Como aquilo me atraía. O reflexo dourado, a profusão de bolhas, o exagero de espuma. Perto dos 15 anos, atração igual eu apenas sentia pela filha do melhor freguês do meu pai, moça já feita. Mal percebia que não era capaz de dar conta de uma coisa nem de outra.
Era o tempo em que os maus negócios da padaria empurravam meu velho ao ramo do bar e da lanchonete. “Pão exige muito e rende pouco”, justificava ele a migração lenta, gradual, para o que seria sua última atividade no comércio. Pouco tempo depois, embarcaria no hoje extinto Departamento Nacional de Estradas e Rodagem, aposentando-se como funcionário público. E foi assim que sustentou a família até o fim de seus dias.
Mas, naqueles idos, o bar ao lado puxava aquele freguês a uma das mesas, enquanto o balcão de pães e bolos prendia a atenção da moça bonita.
E eu, ali, aflito, em insuficiências de idade, um olho na loira e outro na morena, a padecer dos meus dois primeiros alumbramentos, com o perdão de Bandeira que só teve um.
Luiz, o garçom, abria a garrafa e provocava o chiado do líquido borbulhante, em temperatura polar. Com que gosto o homem sorvia copos seguidos, melando o bigode. Ele o tinha branco, longo, farto e disso cuidava como não cuidava da filha, fossem verdadeiros os cochichos dos adultos.

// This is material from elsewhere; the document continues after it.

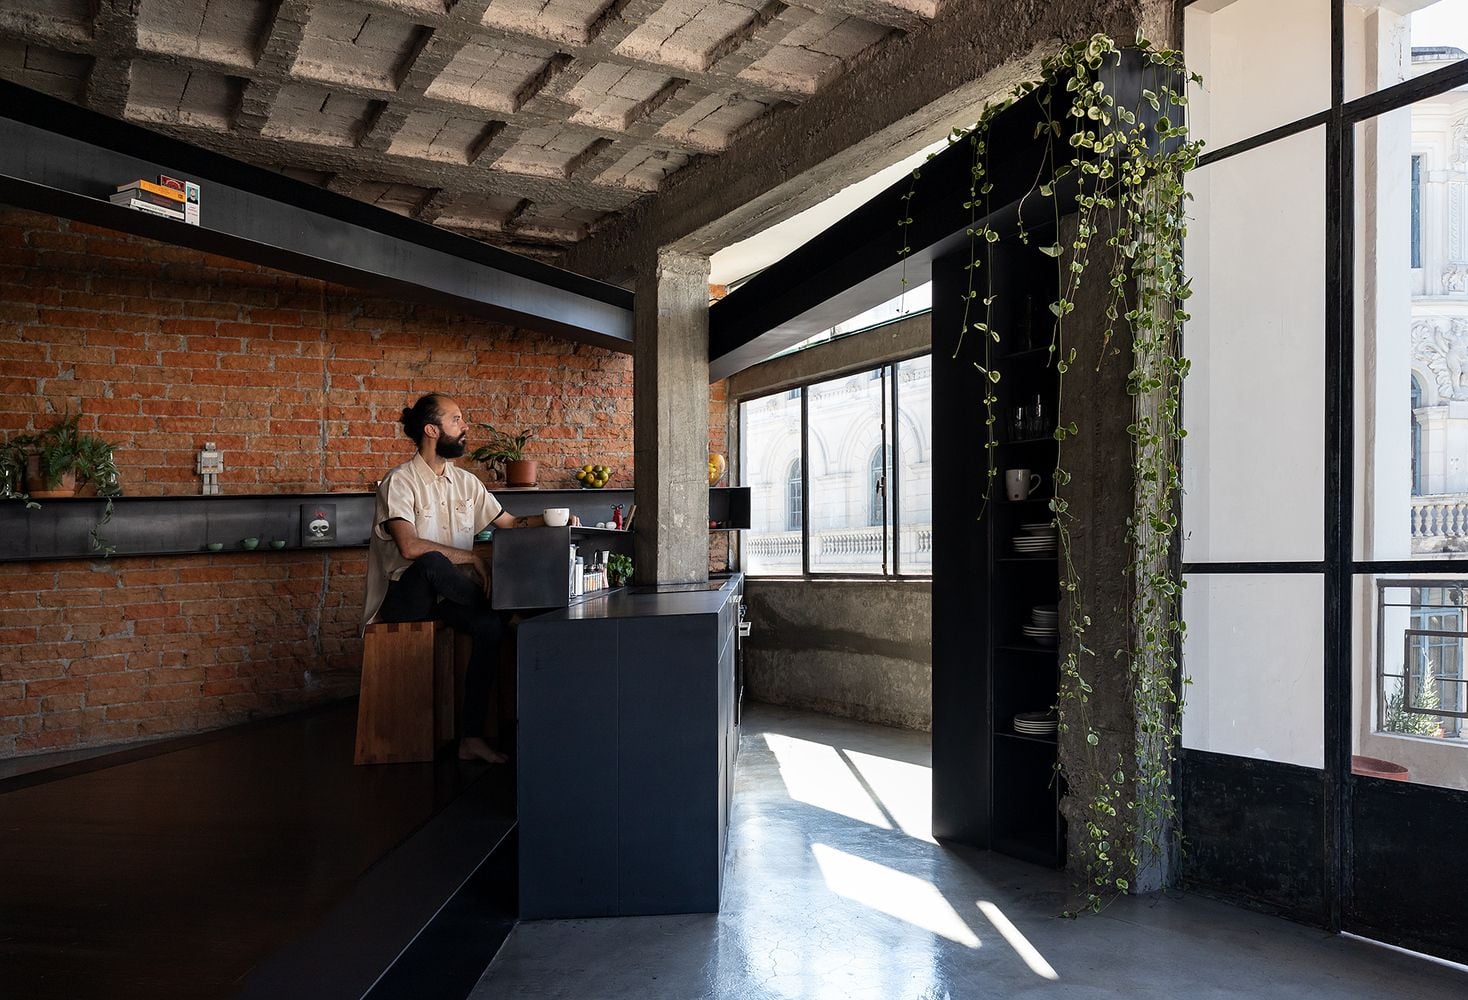 Subtle green accents, like the vine crawling down the beam on the right here, go beautifully with the apartment's brick and concrete textures.

Eu não acreditava. Eram, certamente, uns despeitados. Não escondiam a gula, o que me fazia reparar, também, na situação absurda, risível, por mais que a autocrítica me doesse: um pirralho mal saído dos cueiros e um bando de velhos, todos nós desejosos, em vão, do mesmo quitute.
“Mosca de padaria”, diria meu pai, se soubesse o que vinha à mente do filho em fase de crescimento. Sabem não? Pois bem, mosca de padaria apenas fica de fora a lamber o vidro. Não come nada.

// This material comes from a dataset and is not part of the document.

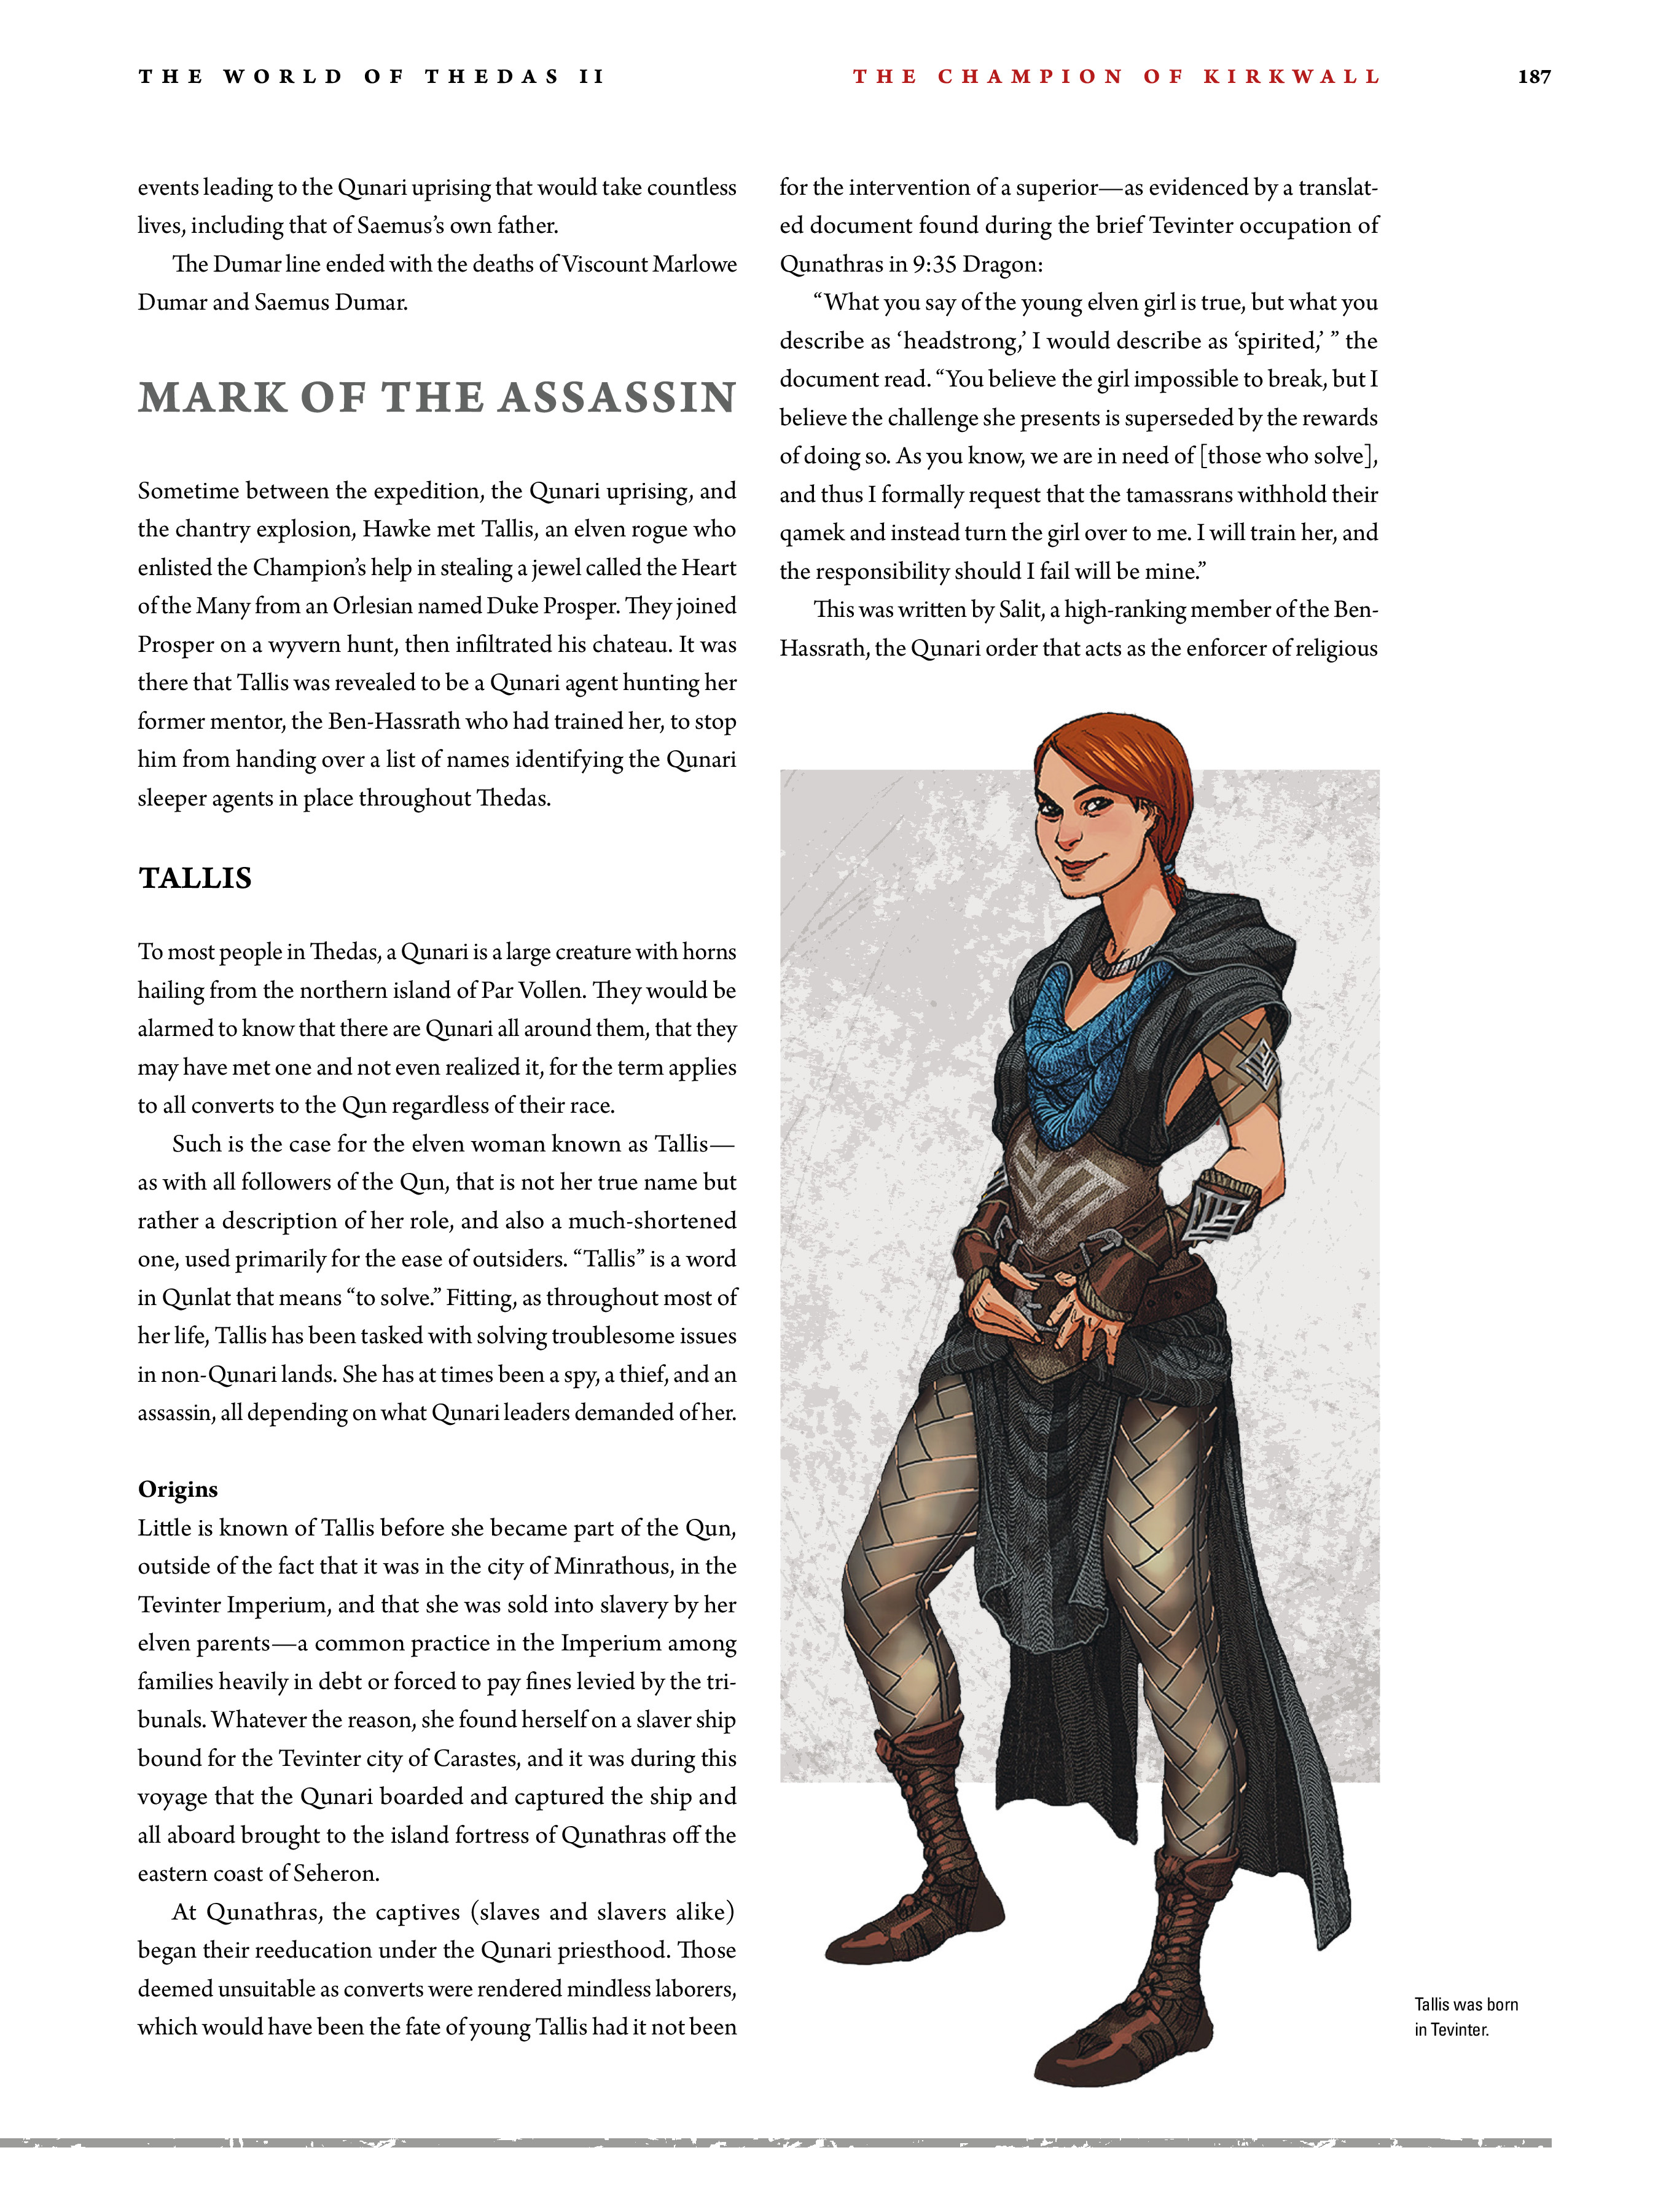 Read online Dragon Age: The World of Thedas comic -  Issue # TPB 2 - 182

E a morena continuou a ignorar este imberbe e os decrépitos até encontrar o meio termo: um sujeito sortudo de vinte e poucos anos com quem ganhou o mundo e, a bem da verdade, outras coisas. Mas é outra história.

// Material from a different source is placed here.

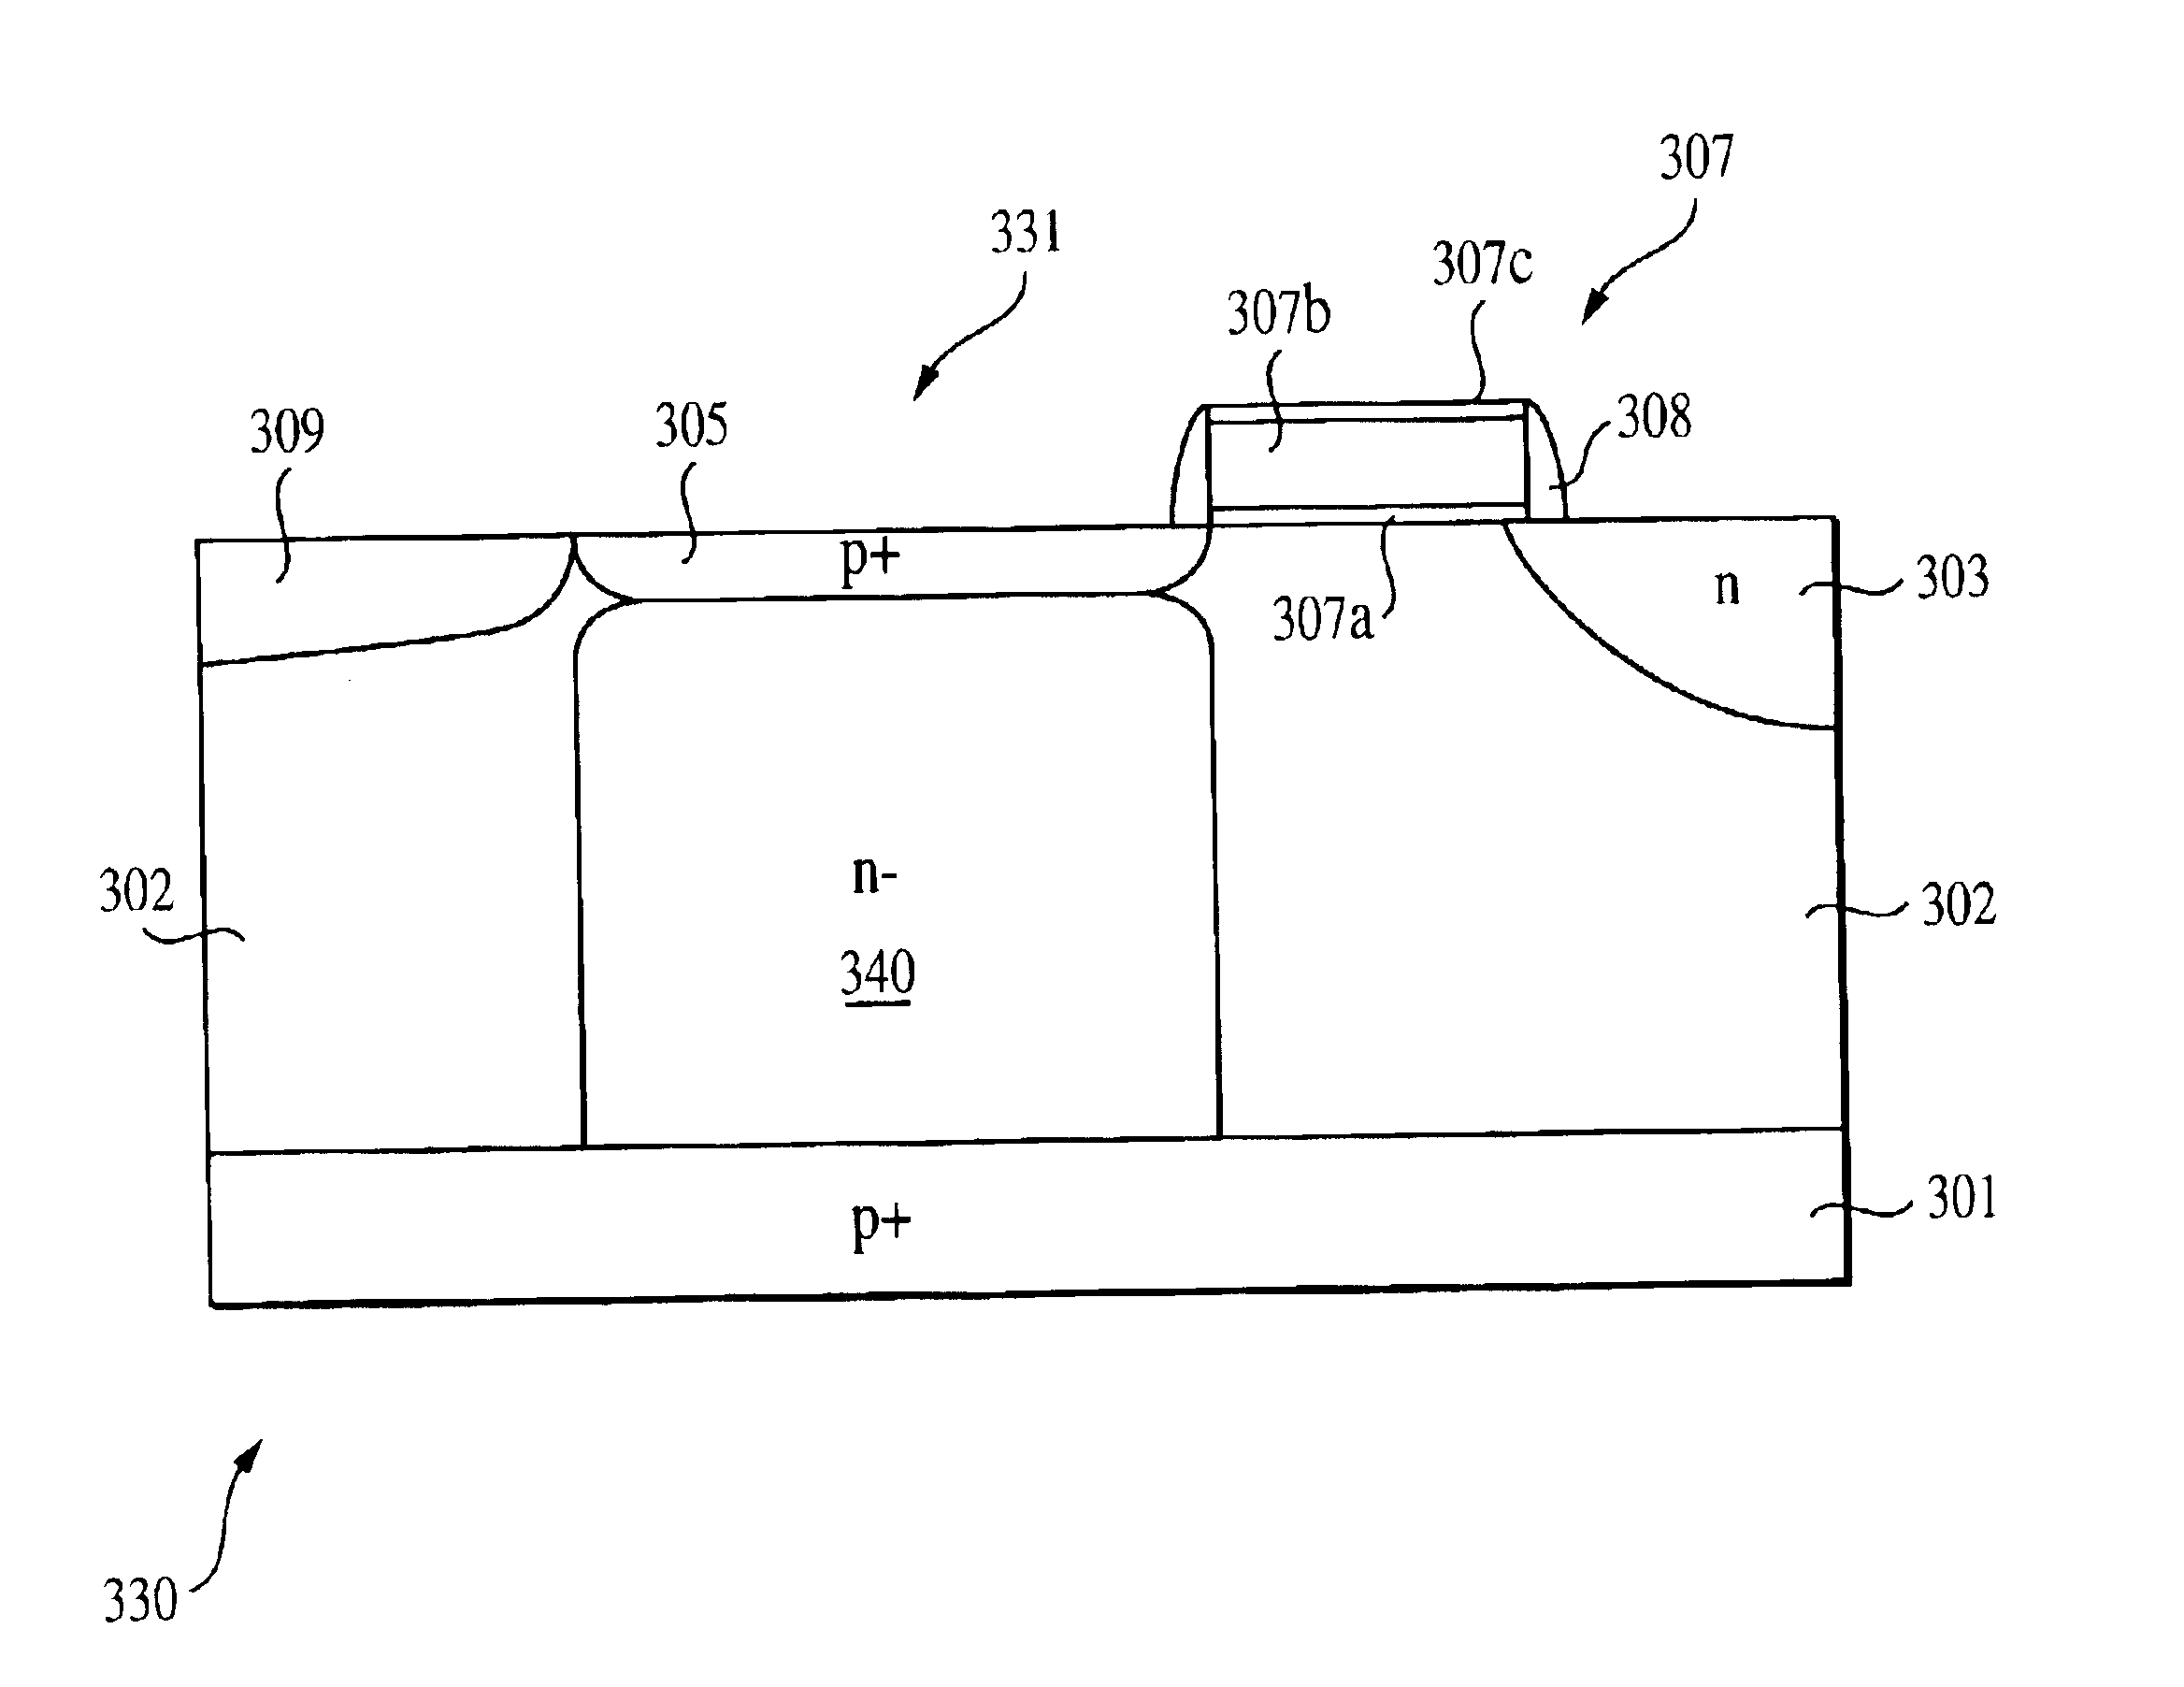 Double pinned photodiode for CMOS APS and method of formation

Restava-me a loira e esta não me escaparia. Certa vez, sozinho, fim de noite, portas já baixadas e com o encargo de levar a chave para casa, decidi que aquele era o momento. Retirei a mais gelada das garrafas do frízer, peguei um copo limpíssimo e iniciei a operação à altura dos olhos, sem deixar cair um pingo, cuidadoso feito um daqueles antigos farmacêuticos no manejo de provetas.
Bolhas rodopiavam e subiam em direção ao colar branquinho. Era como se contrariassem a Lei da Gravidade a fim de também me levar à contravenção do código paterno.
Se eu fosse flagrado, terminaria em Pindobal, a colônia de reeducação infanto-juvenil instalada lá para as bandas de Mamanguape com a qual os pais de antigamente ameaçavam os filhos rebeldes.
Não havia, porém, como resistir à tentação de algo assim desejado. Pindobal que se danasse. Eu tinha que experimentar aquilo, sentir o sabor daquela efervescência de ouro, daquela erupção hipnótica, misteriosa, que a mim então se oferecia, entre quatro paredes, concupiscente, sensual, indecorosa.
Levei o copo aos lábios, cerimonioso, cuidadoso como num beijo em boca virgem. E me espantei. Nunca havia, até então, provado coisa tão ruim. O restante foi à pia.
Ah, a juventude e suas incapacidades.